# How much hay?



## ashleighashley (Mar 19, 2013)

How much hay per goats should I put out for them each day???? 
summer?
winter?
How much should I stockpile for 5 goats?


----------



## janeen128 (Dec 31, 2012)

I started with 4 knowing that I was going to get a buck, and I got 20 bales for over the winter. That would have lasted (still have 2 bales left) however I actually ended up with the buck 2 lambs and another doe in milk. So I think 20-30 bales should be good for the winter. Mine do not get hay for the spring & summer months for the fact we have 7 acres, so they have plenty to eat. I also grain them in the winter too, and the does (all moms & milking does will always get grain) It also depends in the size. I've got 2 standard size girls, 2 medium size wethers, 2 small ones. Hope some of that info helped


----------



## AlvinLeanne (Feb 16, 2012)

We have a round bale of hay out for them all the time, other than during kidding when they are in the barn. During that time we usually go through about 10 bales, but they are only in the barn for a week or 2 before we start letting them out in the field during the day. At that time they eat the round bale during the day and get a flake of hay when they are put in the barn in the evening. After the babies are a month old, we don't put them away at night and they eat the round bale free choice. Right now we have 8 goats and a pony and we go through a round bale every 3-4 weeks.


----------



## MsScamp (Feb 1, 2010)

ashleighashley said:


> How much hay per goats should I put out for them each day????
> summer?
> winter?
> How much should I stockpile for 5 goats?


The average adult goat will eat roughly 1 ton of hay, pasture, browse, etc., per year.

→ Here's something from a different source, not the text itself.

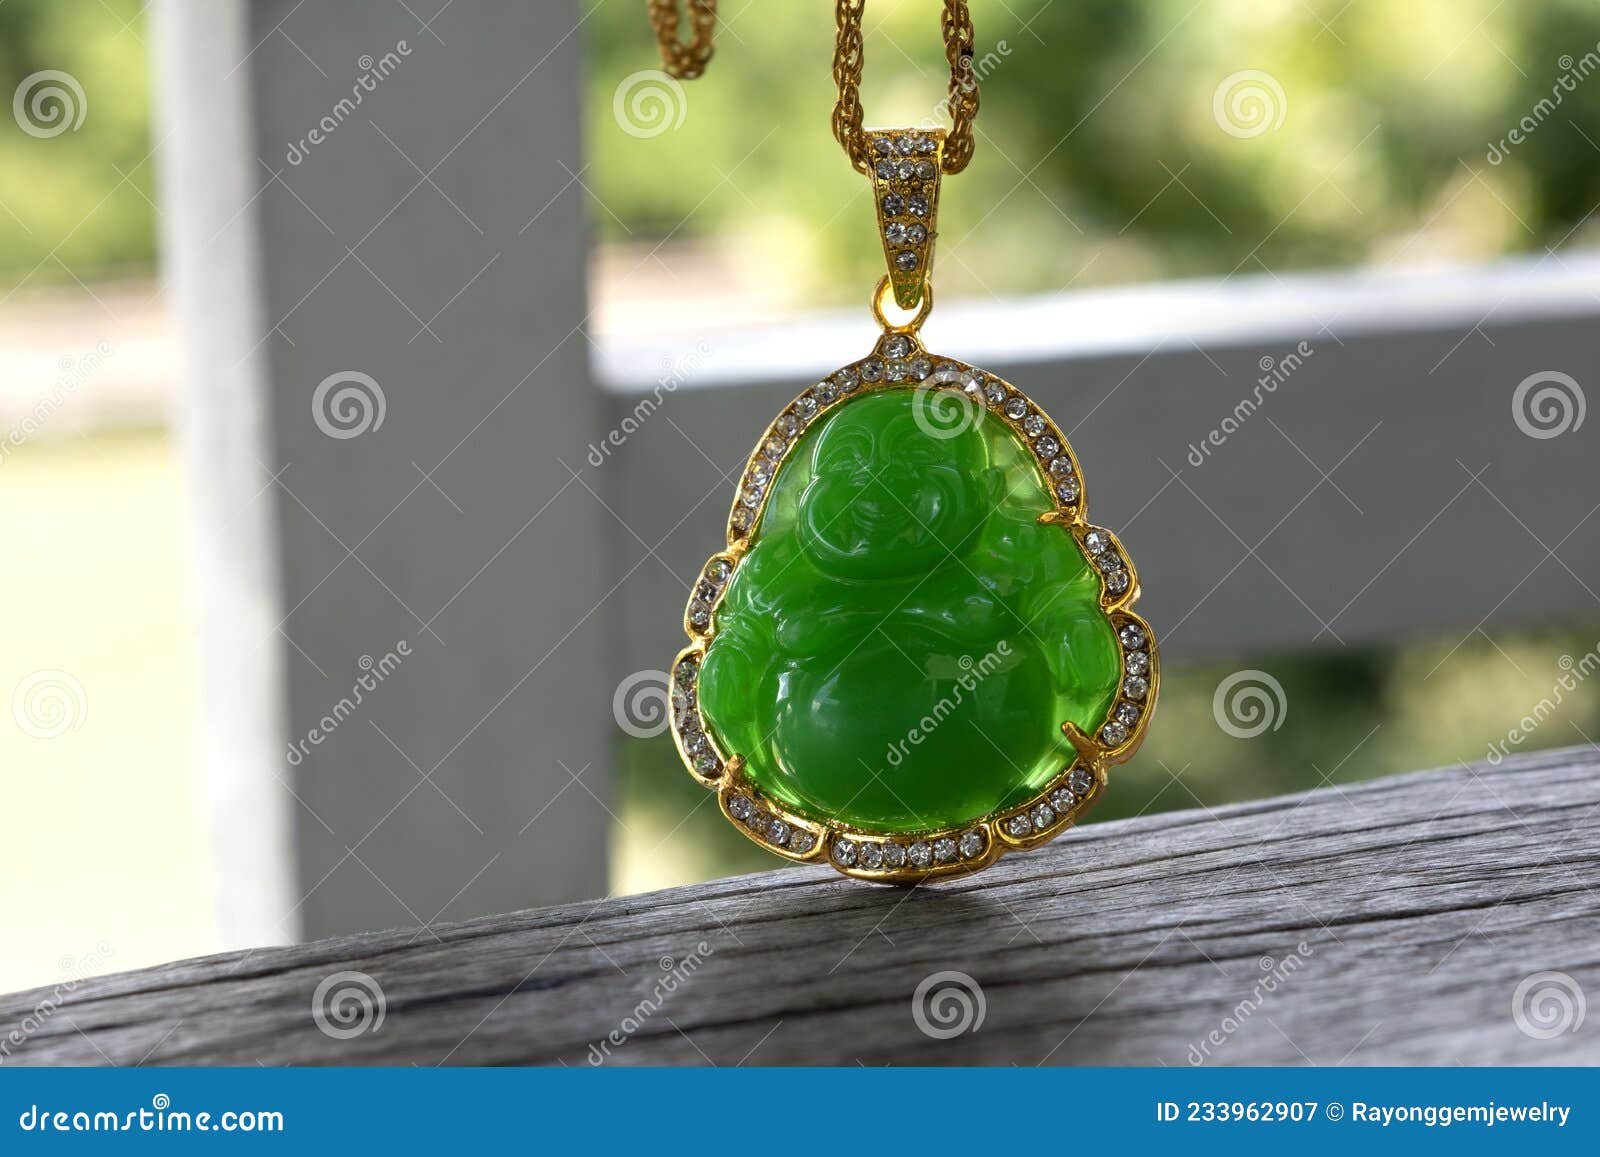 Joyas De Jade Un Dorado Adornado Con Jade Verde Y Raro Ha Sido Un Accesorio Popular de archivo - Imagen de colgante, ornamento: 233962907
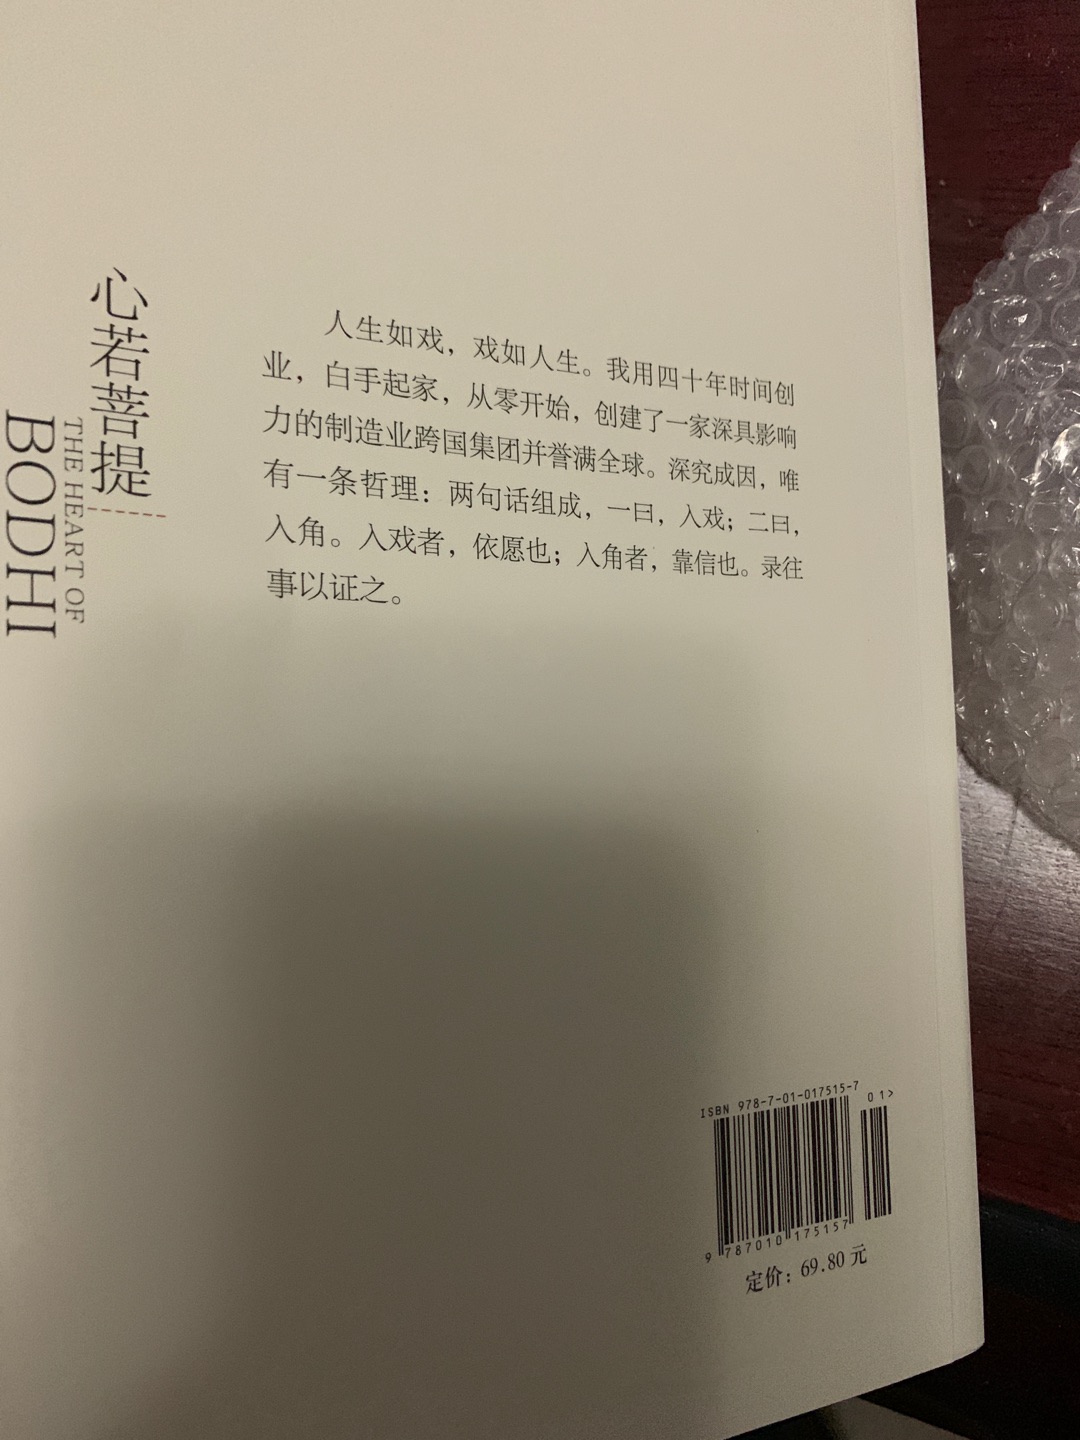 曹德旺，中国良心企业家，做人朴实无华，向曹董致敬，乘着便宜多囤点书

Assuming they are yearlings or older, are open, and are not raising kids, start with 5 lbs of hay per goat, per day and adjust from there. Summer they will eat a little less, winter they will eat a little more.


----------



## ThreeHavens (Oct 20, 2011)

2 full-ground Nigerian dwarves usually go through a flake in the morning and a flake at night. 1 standard goes through the same. 

I like to give them as much as they will eat when I can  In the summer they eat less, in the winter they eat more.


----------



## J.O.Y. Farm (Jan 10, 2012)

I feed one flake to every 2 ND goats.. But I add/subtract if they get thin/fat


----------



## KW Farms (Jun 21, 2008)

I free choice the hay here. I've found that each goat and each herd is going to take in different amounts of hay. The best way to figure out the amount of hay needed is by opening a bale, mark that day the bale was starting to be fed and then see how long it takes the goats to finish it. That will give you a general idea on how many days it takes to finish a bale and count ahead and see how many bales you'll need. I always have more bales then I think they'll need just to be safe.


----------



## adriHart (Nov 1, 2012)

I have two pregnant does, 2dry does and 3 weathers. Halfway through winter I added a bucks to the mix. I bought 10 bales of hay at 140 pounds apiece they went through it by January. I have three and a half acres so in summertime I barely feed hay but the lactating animals get grain. I also supplemented the pregnant does with alfalfa all winter the rest was just grass hay. If I let them they will eat an entire bail in 1 Day. I'm not sure where the cut off point it would be because if I left it free choice it would be gone. Oh and my heard is mixed Nubians mini nubianss and Mini manchas. The wether's are all the bigger boys and they eat the least. Of course I supplement with minerals too and I threw a bag of black oil sunflower seeds on them over the winter because their hair was dry


----------